Are we spending our democracy into oblivion?

This is the time of year when media scribblers bemoan how nasty political campaigns have become. The complainers are accused of a dainty form of historical ignorance by defenders of mud-slinging who drag out Finley Peter Dunne’s 1895 assertion that “politics ain’t beanbag.” Politics has always been nasty, the argument goes, so we should get over it.

In fact, structural changes in our politics are making campaigns more mean and personal than ever. Even Dunne might be surprised. Outside groups empowered by the Supreme Court’s Citizens United decision are using mass media in ways that turn off Americans to democracy, aggravate divisions between the political parties and heighten animosities among citizens of differing views.

Studies of this year’s political advertising show that outside groups are blanketing the airwaves with messages far more negative than those purveyed by the candidates themselves. That shouldn’t surprise us in the least. “Candidates can be held accountable for their ads,” says Robert Weissman, president of Public Citizen, a consumer organization that is trying to encourage candidates to disown “dark money.” “The outside groups are unknown, and have confusing names.”

No one is advertising under the moniker “Influence Peddlers for Crummy Politics.”

There is far too much complacency about big money’s role in this year’s campaigns, on the grounds that both sides have plenty of it. This misses the point. “It doesn’t balance it out if you have billionaire Republicans battling billionaire Democrats,” says Weissman. “You still have billionaires setting the agenda for the election.”

Moreover, a focus just on this year’s competitive Senate and House races misses the enormous impact a handful of very wealthy people can have on state and local campaigns. A new report by the Brennan Center for Justice details how, at a relatively modest cost to themselves, a privileged few can change how government that is supposed to be nearest to the people is actually carried out.

“At this scale, you don’t have to be a Koch brother to be a kingmaker,” the report informs us. Worse, the supposedly “independent” spending of the super-rich kingmakers isn’t independent at all. The report documents how closely the activities of supposedly outside groups are coordinated with insiders and the candidates themselves.

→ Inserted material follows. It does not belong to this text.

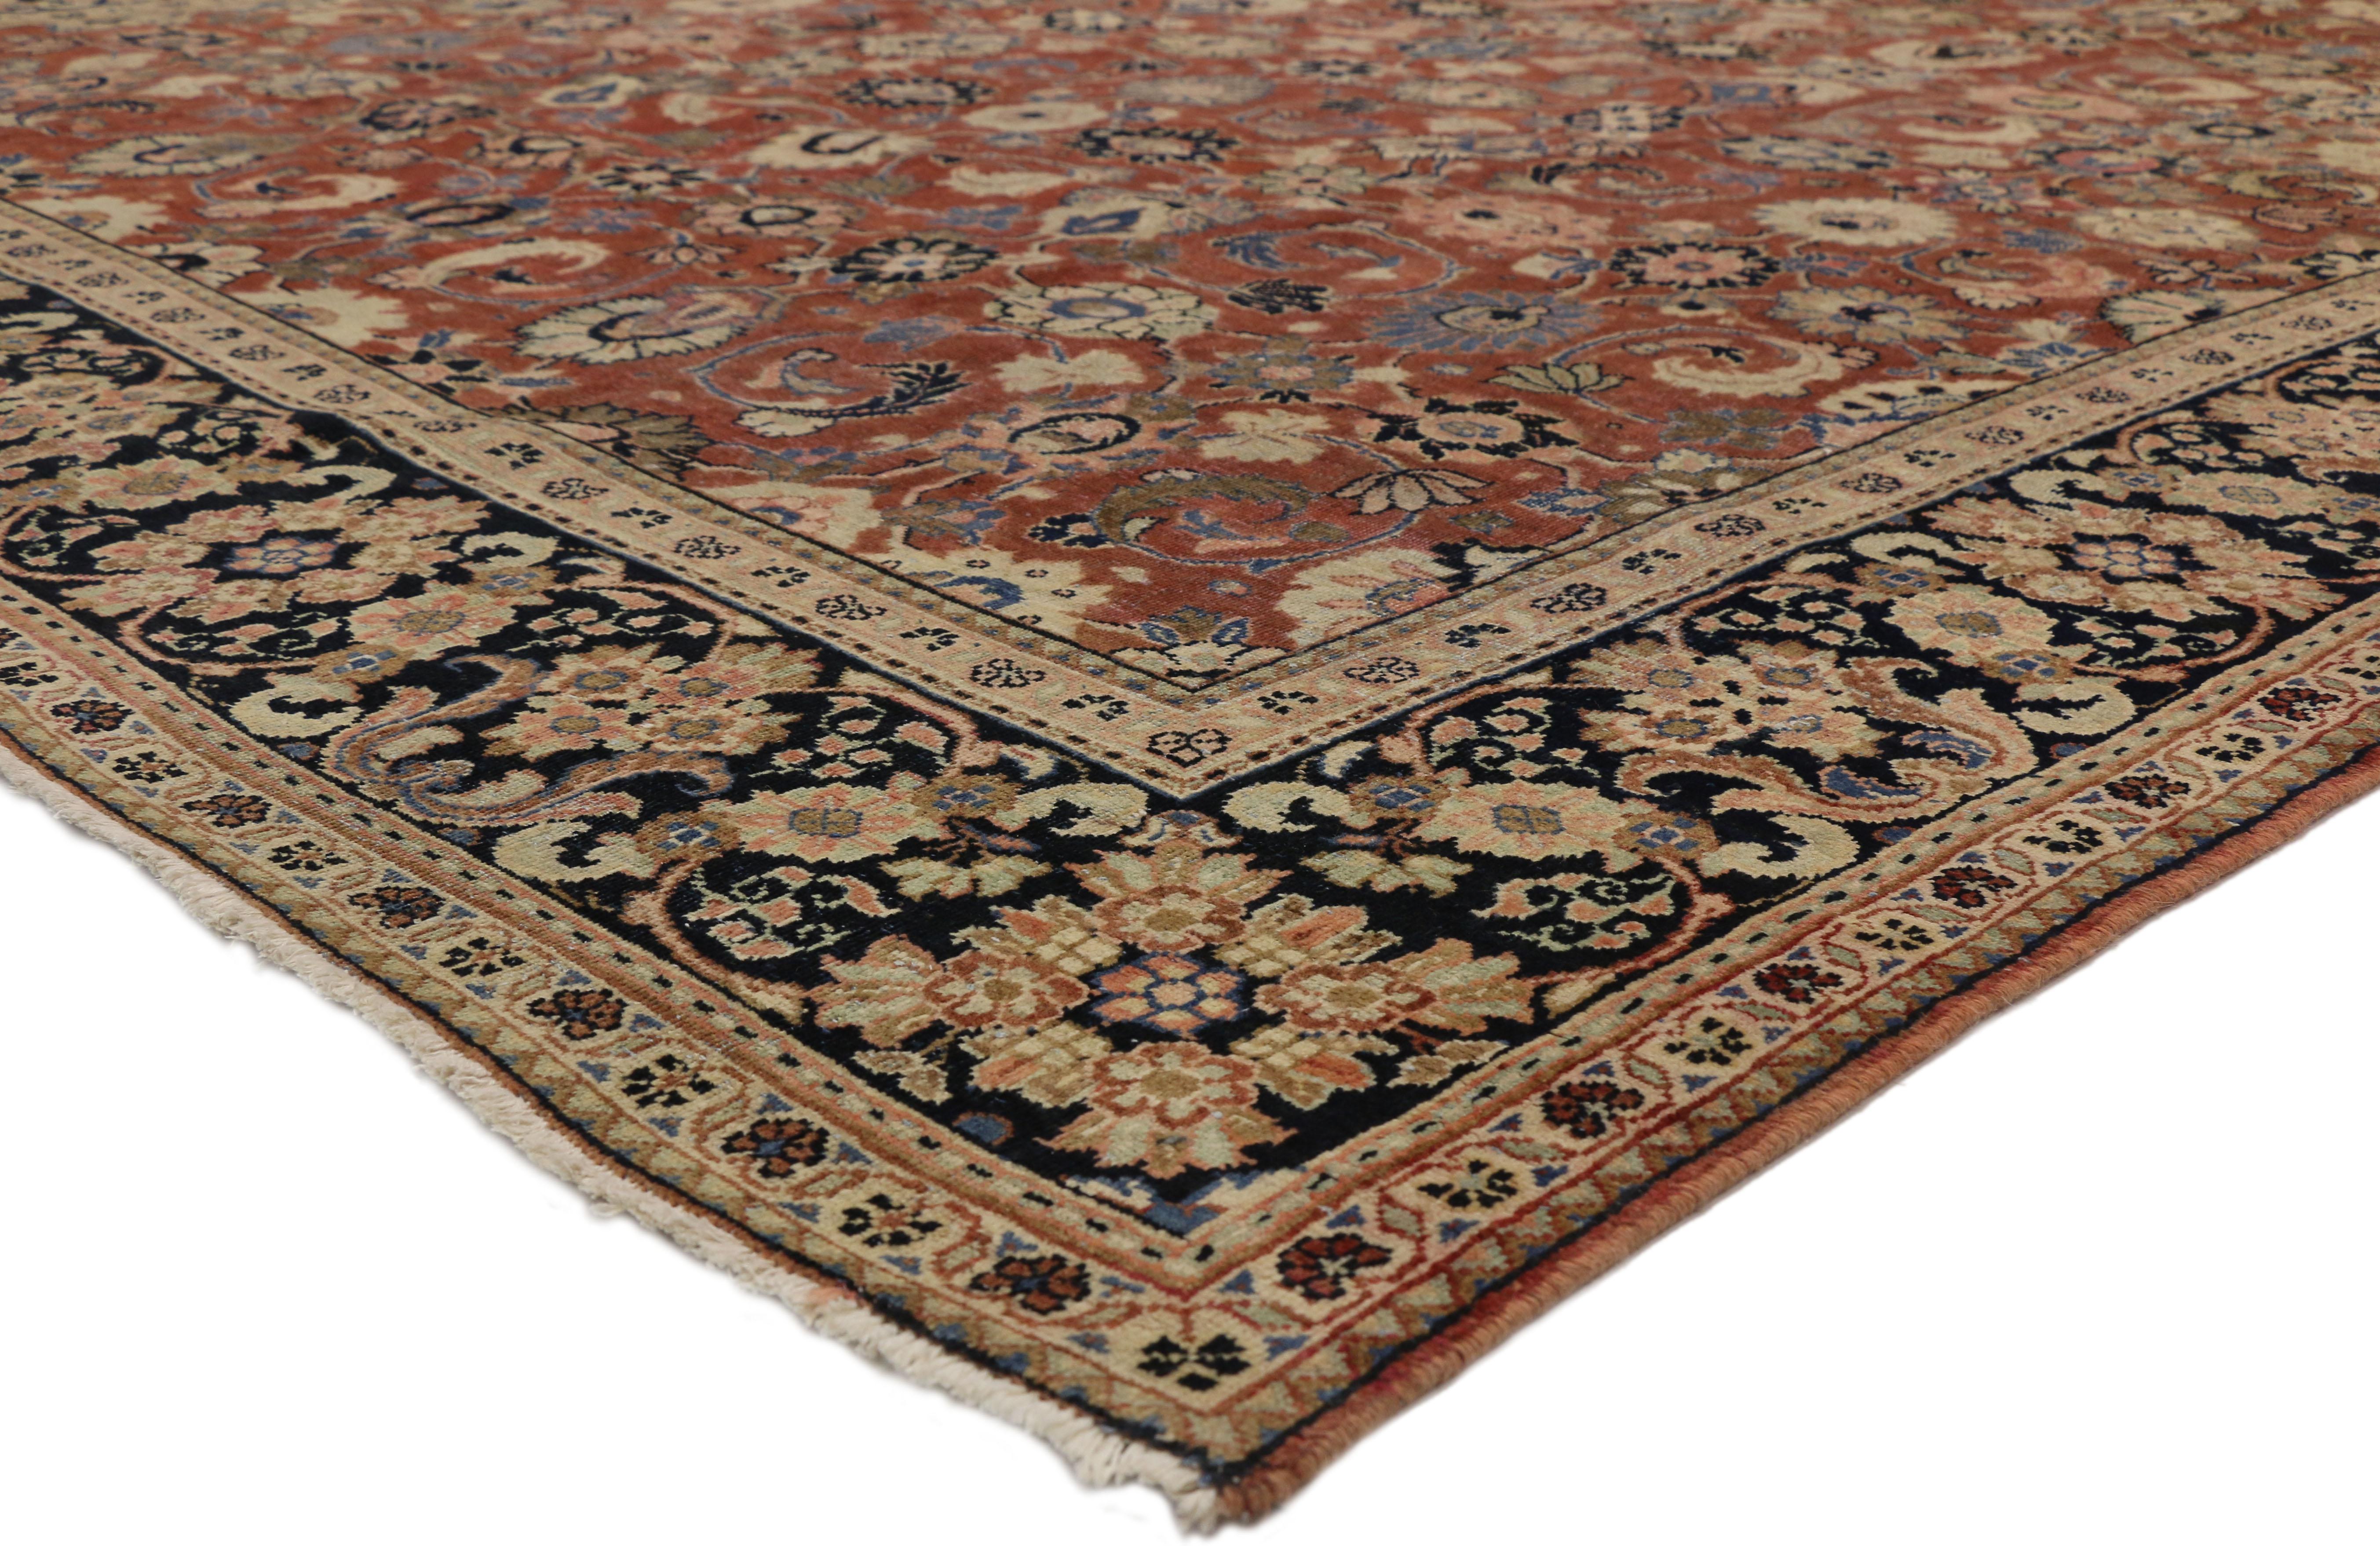 75702 Vintage Persian Mahal Area Rug with Traditional Colonial and Federal Style 10'04 X 13'03. This hand knotted wool vintage Persian Mahal rug with traditional style features an allover pattern of intricate herati florals, swirling vines with

Like everything else in our politics these days, Citizens United is usually debated along ideological lines. Progressives typically hate it. Conservatives usually defend it. But citizens of every persuasion should be worried about what this precedent-shattering decision has unleashed. More than ever, politics is the only profession that regularly advertises against itself. If voters feel cynical, the outside groups — on both sides — are doing all they can to encourage their disenchantment.

A study by the Wesleyan Media Project of ads aired between Aug. 29 and Sept. 11 found that 55 percent of ads in U.S. Senate elections were negative, up from 43.7 percent over the same period in 2010. Wesleyan found that 91.4 percent of the ads run by outside groups in support of Democrats were negative, compared with 41.9 percent of those run by Democratic candidates themselves. For Republicans, 77.9 percent of the group ads were negative, compared with only 12.3 percent of the candidate ads. Negative ads were down slightly in the next two-week period, but there were still more negative commercials run this year than in the comparable period in 2010.

Defenders of massive spending on advertising, positive or negative, will make the case that at least the ads engage voters. Not necessarily, and certainly not this year. Indeed, the Pew Research Center found in early October that only 15 percent of Americans are following the elections “very closely.” Interest in the campaign, says Scott Keeter, director of survey research at Pew, “is the lowest it has been at this point in an off-year election in at least two decades.”

Hardly a day goes by without someone lamenting how polarized our politics has become. Can anyone seriously contend that the current way of running and financing elections is disconnected from the difficulty politicians have in working together? “How are they supposed to get along with the other side the day after the election?” Weissman asks. Writing recently in Foreign Affairs, the sometimes dissident conservative writer David Frum argues that “the radicalization of the party’s donor base has led Republicans in Congress to try tactics they would never have dared use before.”

Thus the tragic irony: Citizens United is deepening our divisions and turning more citizens into bystanders. Our republic can do better.

 

By: E. J. Dionne, Jr., Opinion Writer, The Washington Post, October 12, 2014

 

 

 

October 13, 2014 Posted by | Campaign Financing, Citizens United, Democracy | , , , , , | 1 Comment

“Even Now, Romney Just Can’t Help Himself”: Romney’s Not Responsible For What Romney Said

Romney, who seems to spend a little too much time thinking about ways to condemn the president who defeated him, has run into trouble once more, this time in an interview with Mark Leibovich. The twice-defeated candidate is apparently still thinking about the “47 percent” video that helped drag down his candidacy.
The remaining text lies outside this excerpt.